Primera Lectura (Hechos 14:19-28)
19 Vinieron entonces de Antioquía y de Iconio unos judíos que sedujeron a la muchedumbre, de modo que apedrearon a Pablo y lo arrastraron fuera de la ciudad creyéndole muerto. 20 Pero rodeado de los discípulos se levantó y entró en la ciudad. Y al día siguiente marchó con Bernabé a Derbe. 21 Después de predicar el Evangelio en aquella ciudad y hacer numerosos discípulos, se volvieron a Listra, Iconio y Antioquía, 22 confortando los ánimos de los discípulos y exhortándoles a perseverar en la fe, diciéndoles que es preciso que entremos en el Reino de Dios a través de muchas tribulaciones. 23 Tras designar presbíteros en cada iglesia, haciendo oración y ayunando, les encomendaron al Señor, en quien habían creído. 24 Atravesaron Pisidia y llegaron a Panfilia; 25 y después de predicar la palabra en Perge bajaron hasta Atalía. 26 Desde allí navegaron hasta Antioquía, de donde habían salido encomendados a la gracia de Dios para la obra que habían realizado. 27 Al llegar, reunieron a la iglesia y contaron todo lo que el Señor había hecho por mediación de ellos y cómo había abierto a los gentiles la puerta de la fe. 28 Se quedaron bastante tiempo con los discípulos.
- Palabra del Señor.
- Gracias a Dios.
Responsorio (Sal 144,10-11.12-13ab.21)
- Que tus fieles, Señor, proclamen la gloria de tu reinado
- Que tus fieles, Señor, proclamen la gloria de tu reinado
- Que todas tus criaturas te den gracias, Señor, que te bendigan tus fieles. Que proclamen la gloria de tu reinado, que hablen de tus hazañas.
- Explicando tus hazañas a los hombres, la gloria y majestad de tu reinado.

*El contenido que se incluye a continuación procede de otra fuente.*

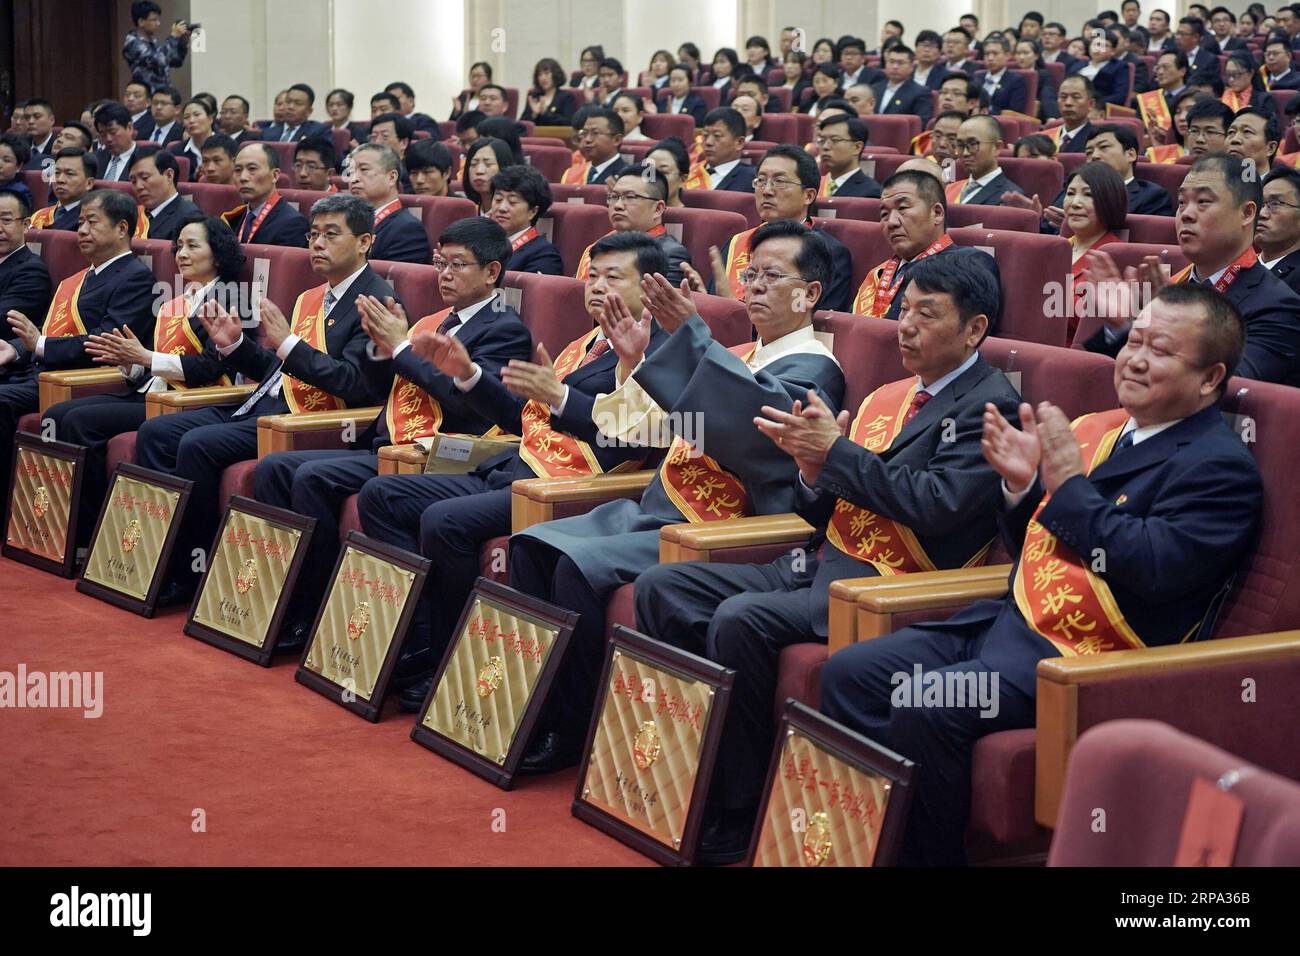 (190423) -- BEIJING, April 23, 2019 (Xinhua) -- Attendees applause during a conference held to highlight the contribution of model workers and groups in Beijing, capital of China, April 23, 2019. China on Tuesday held a conference here to highlight the contribution of model workers and groups ahead of the International Labor Day, which falls on May 1. A total of 695 individuals and more than 800 groups were honored at the event. (Xinhua/Cai Yang) CHINA-BEIJING-LABOR DAY-COMMENDATION (CN) PUBLICATIONxNOTxINxCHN Stock Photo

Tu reinado es un reinado perpetuo, tu gobierno va de edad en edad.
- Pronuncie mi boca la alabanza del Señor, todo viviente bendiga su santo nombre por siempre jamás.
Anuncio del Evangelio (Juan 14:27-31)
— El Señor esté con vosotros.
— Y con tu espíritu.
— Proclamación del Evangelio de Jesucristo + según San Juan.
— Gloria a Ti, Señor.
27 »La paz os dejo, mi paz os doy; no os la doy como la da el mundo. No se turbe vuestro corazón ni se acobarde. 28 Habéis escuchado que os he dicho: «Me voy y vuelvo a vosotros». Si me amarais os alegraríais de que vaya al Padre, porque el Padre es mayor que yo. 29 Os lo he dicho ahora antes de que suceda, para que cuando ocurra creáis. 30 Ya no hablaré mucho con vosotros, porque viene el príncipe del mundo; contra mí no puede nada, 31 pero el mundo debe conocer que amo al Padre y que obro tal y como me ordenó. »¡Levantaos, vámonos de aquí!
— Palabra de la Salvación.
— Gloria a Ti, Señor.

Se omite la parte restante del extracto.